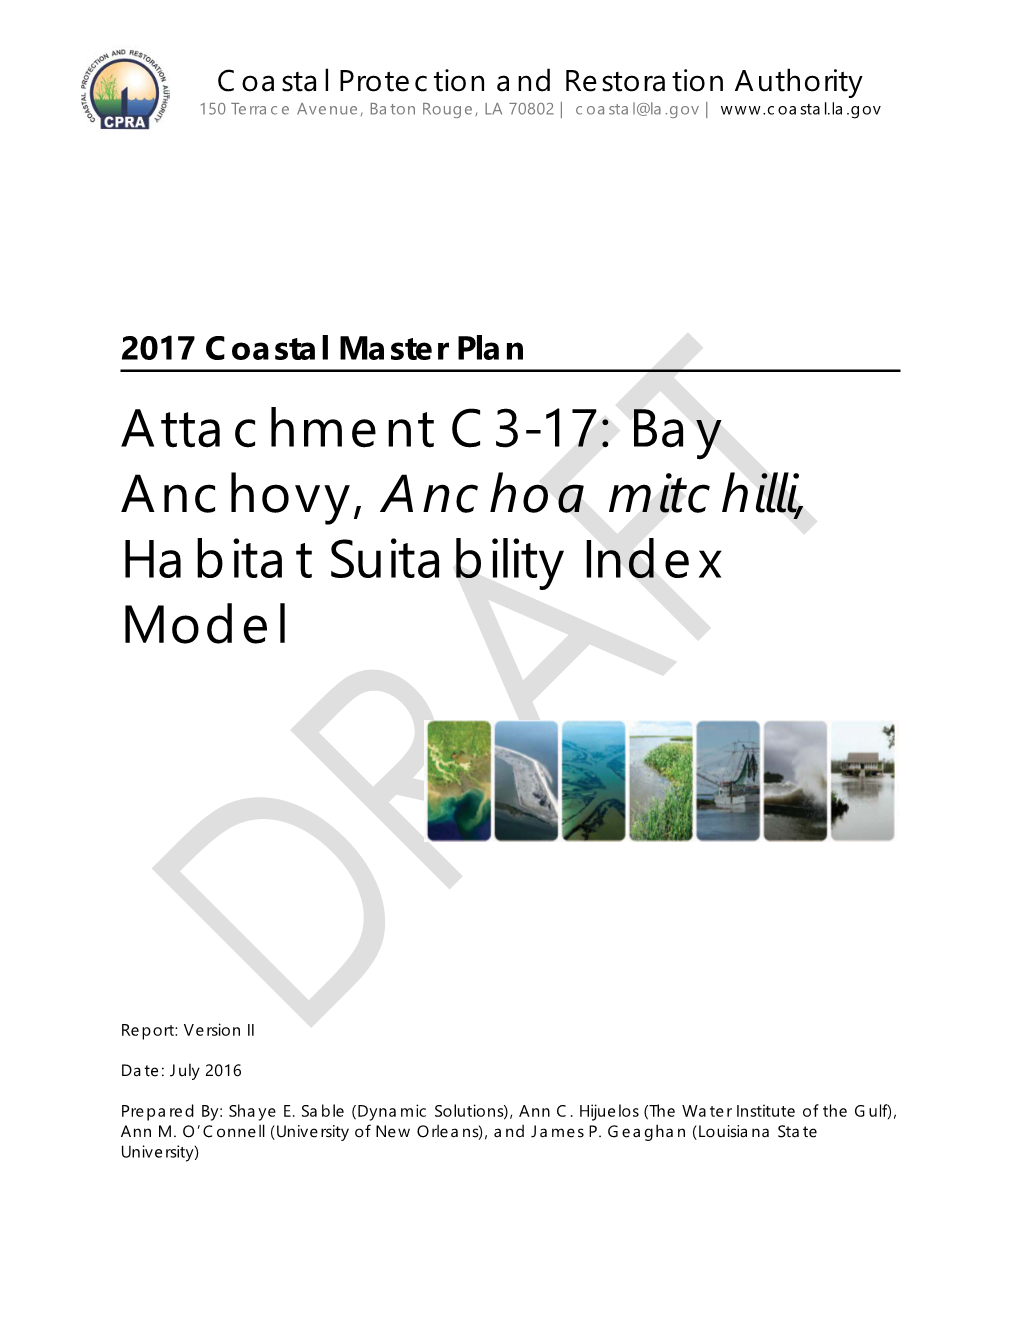 Bay Anchovy, Anchoa Mitchilli, Habitat Suitability Index Model
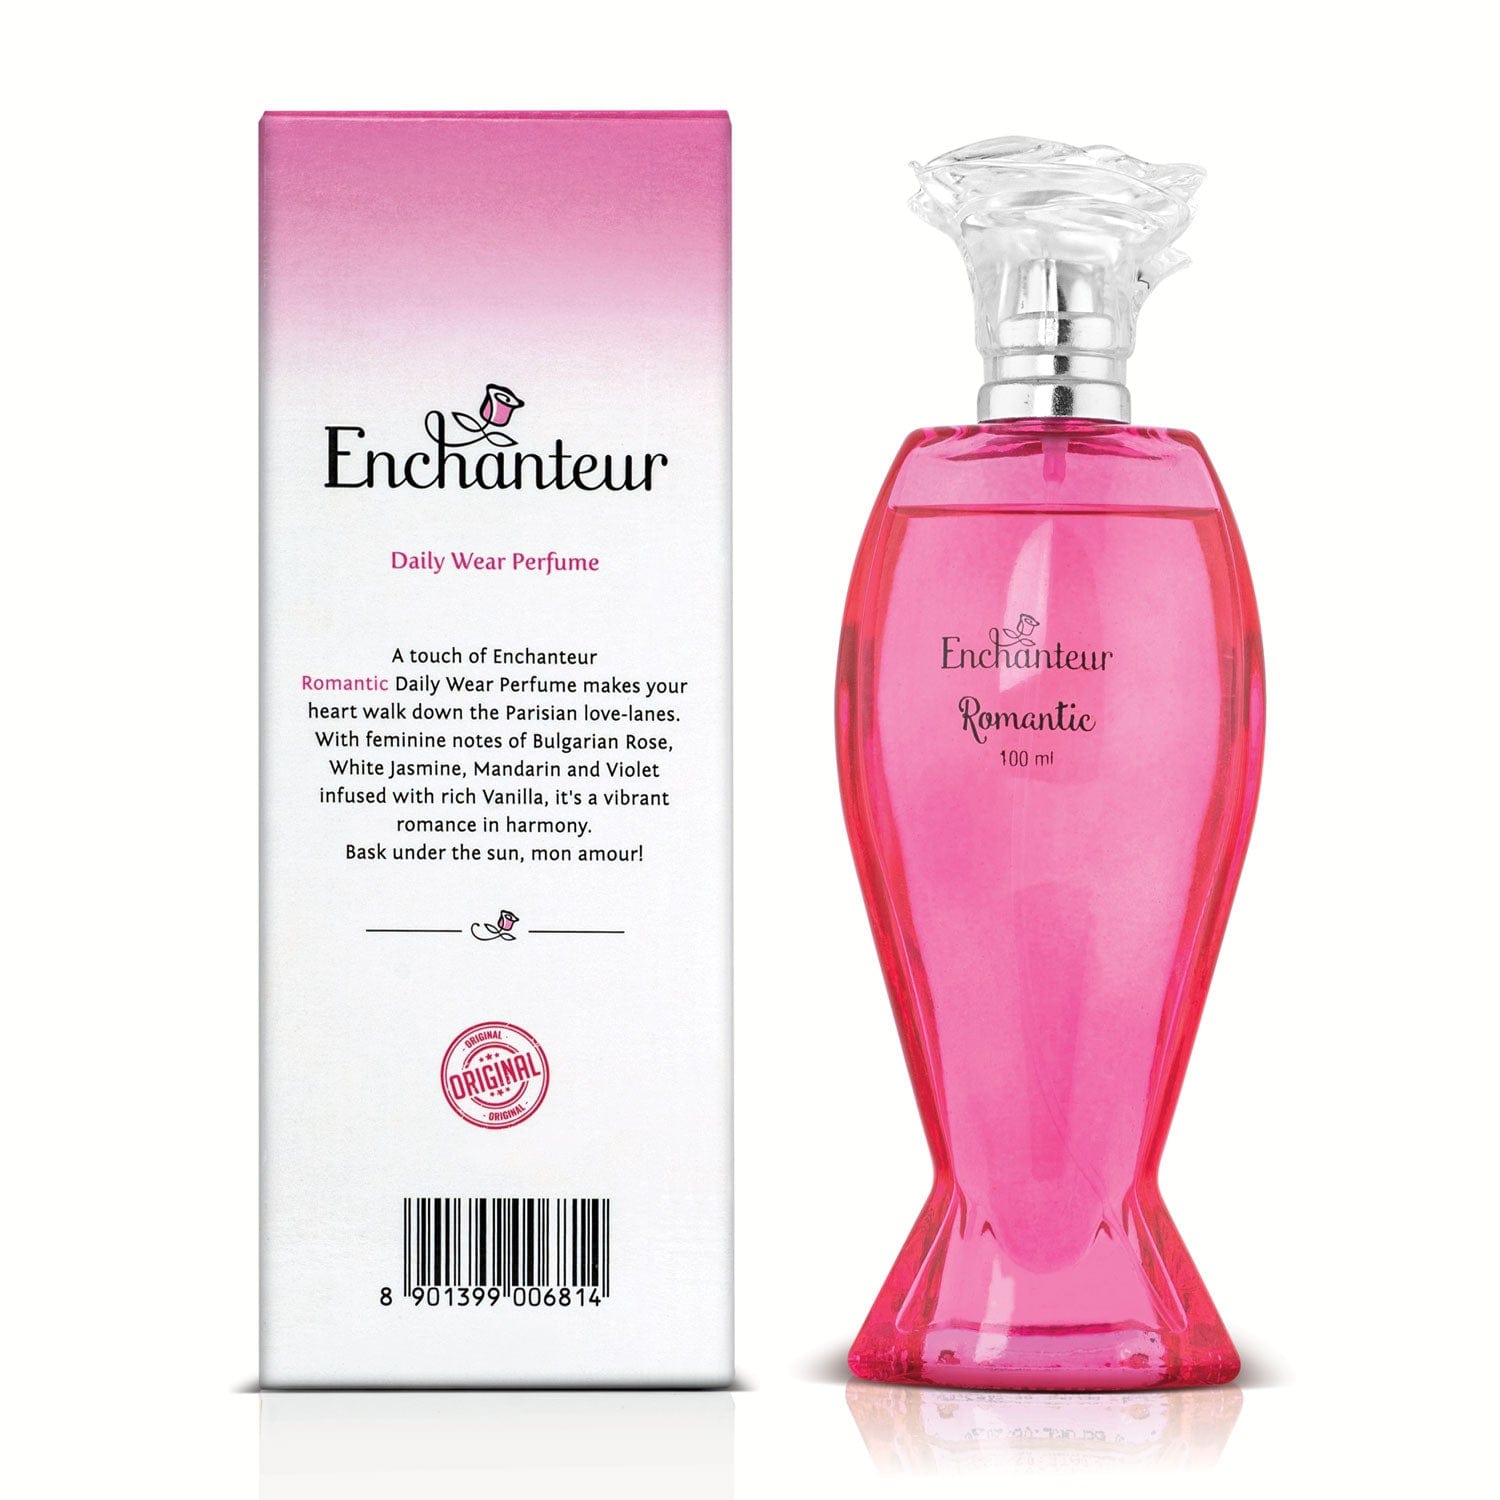 Enchanteur Romantic Daily wear Perfume for Women, 100ml By Enchanteur
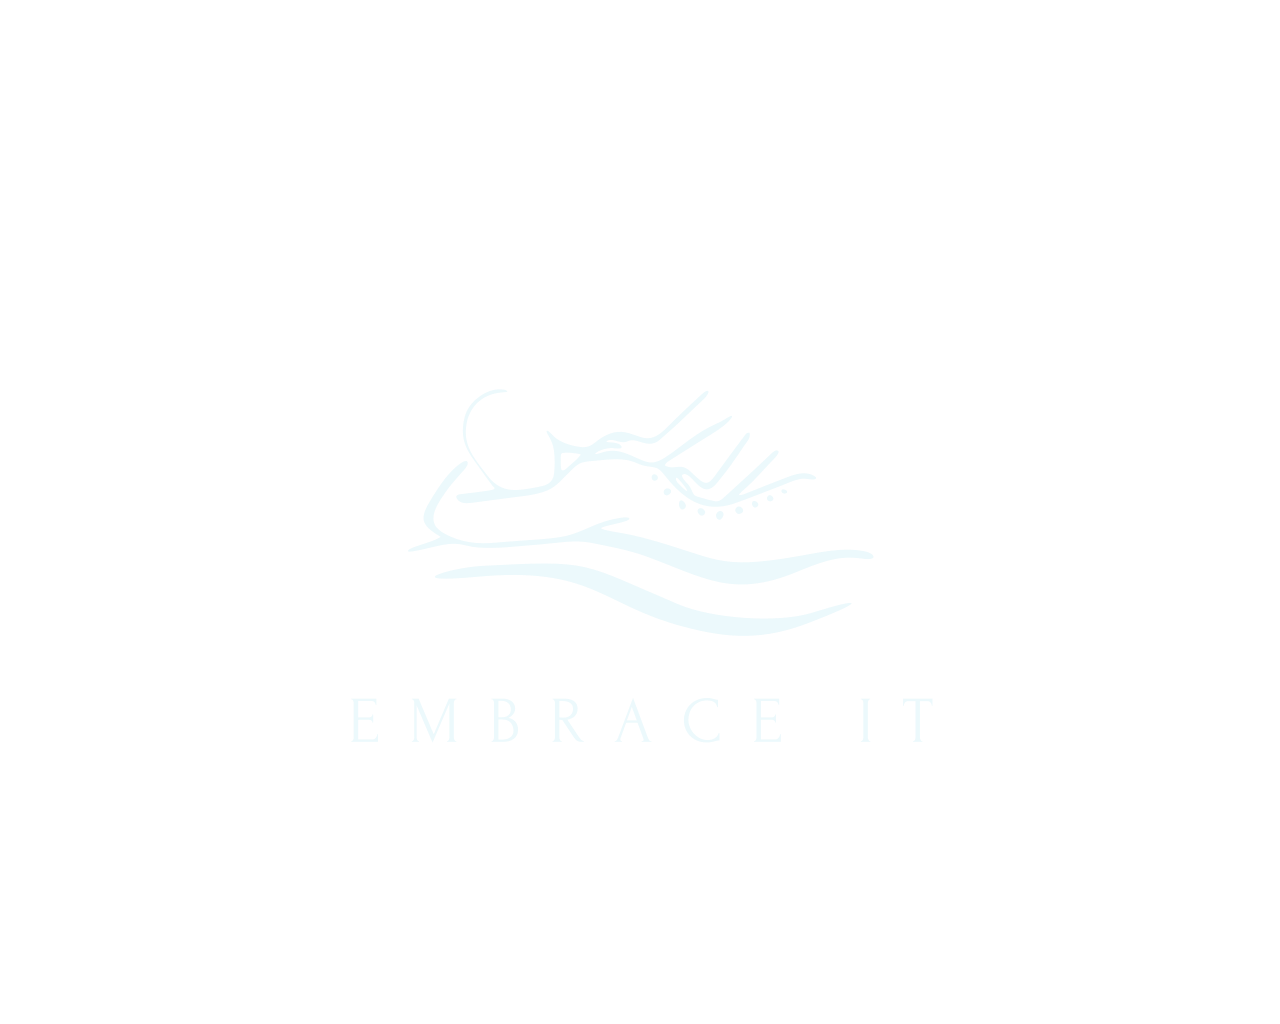 Your Body Works LLC
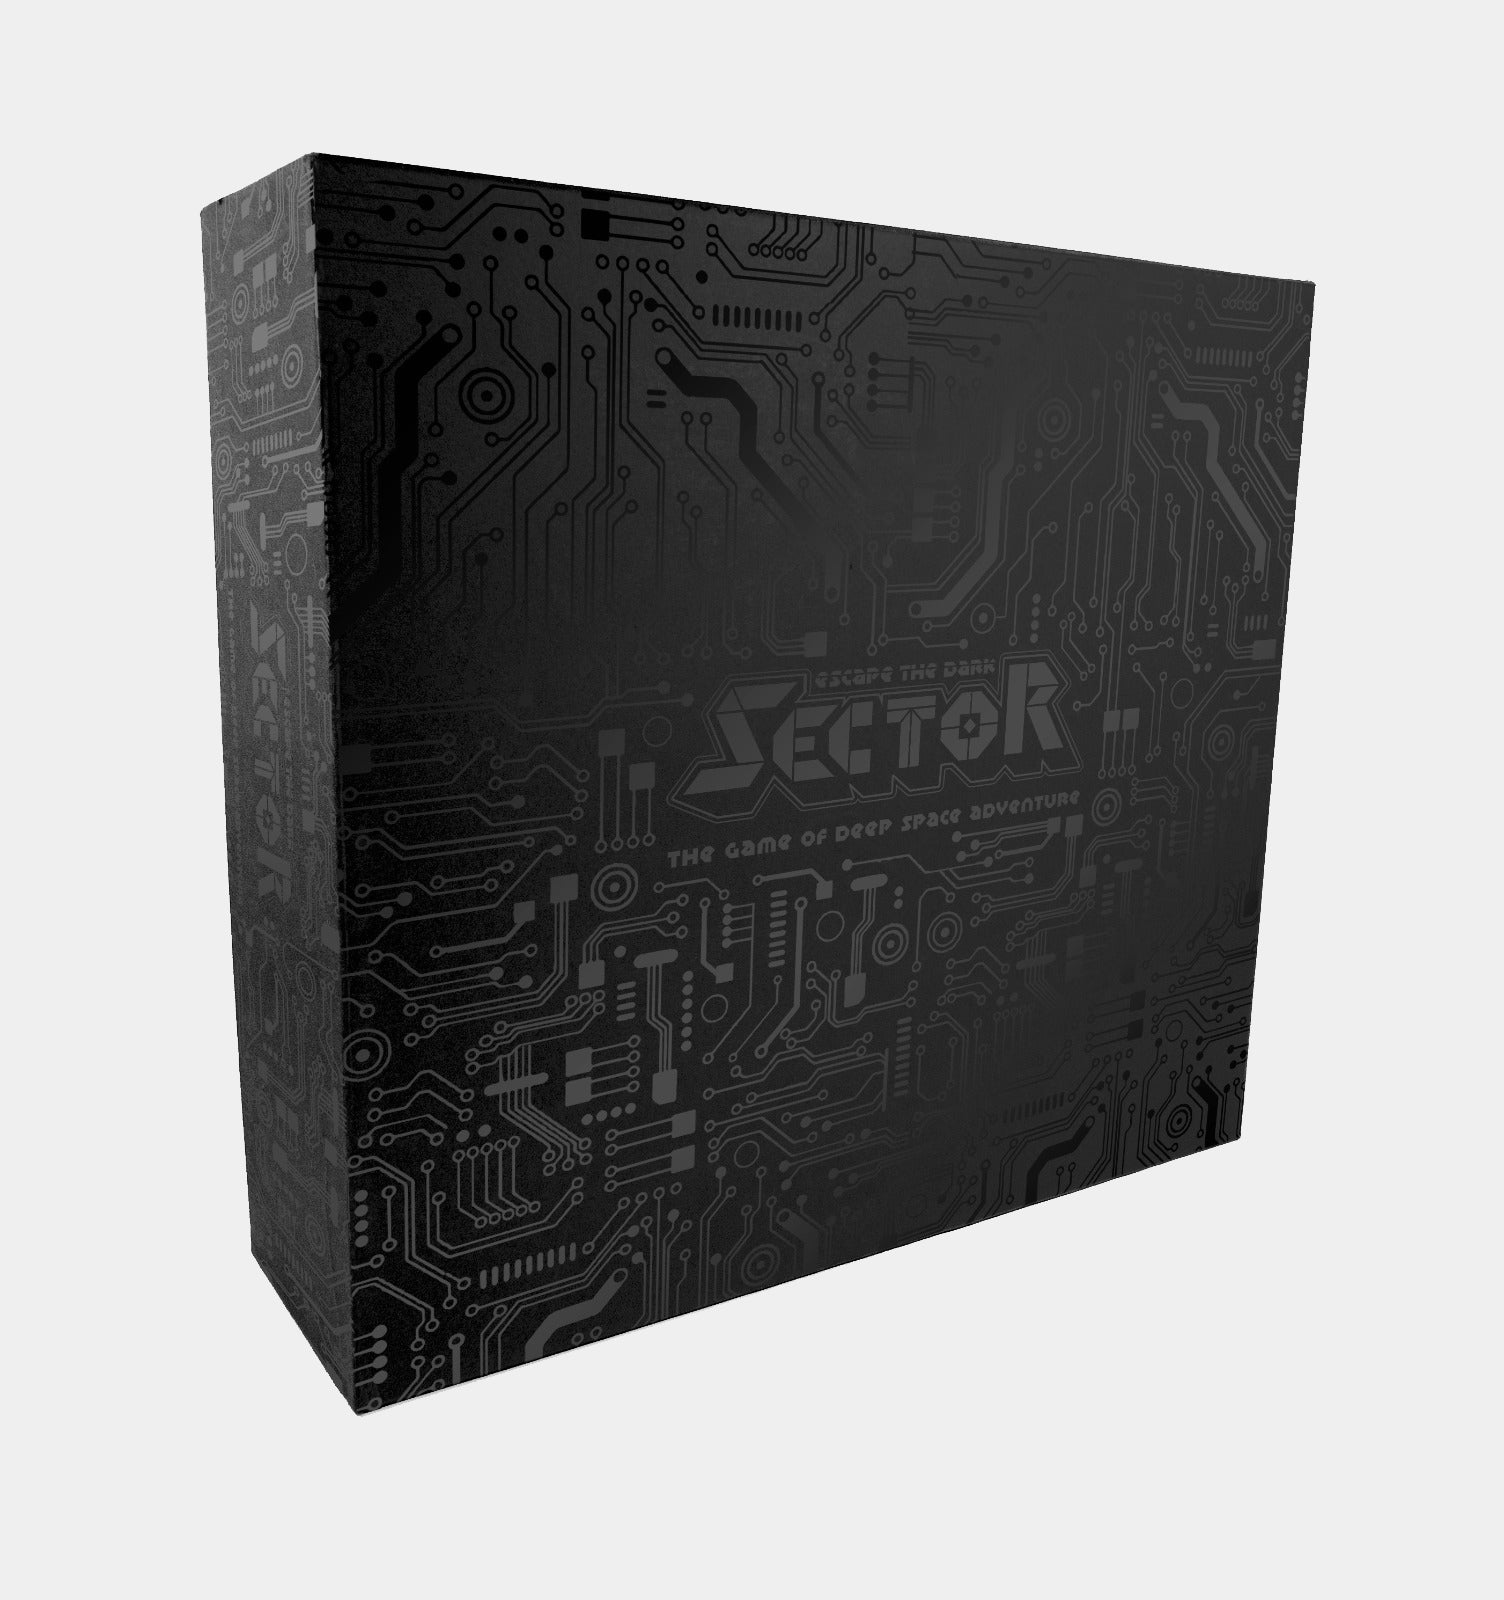 Sector 1 Box Set

══════

* _Goal of the exercise_: Each line above has to be returned exactly. Drop the pictures.

* _Result of this exercise_:
 Bay Anchovy, Anchoa Mitchilli, Habitat Suitability Index Model
 Enchanteur Romantic Daily wear Perfume for Women, 100ml By Enchanteur
 Your Body Works LLC
 Sector 1 Box Set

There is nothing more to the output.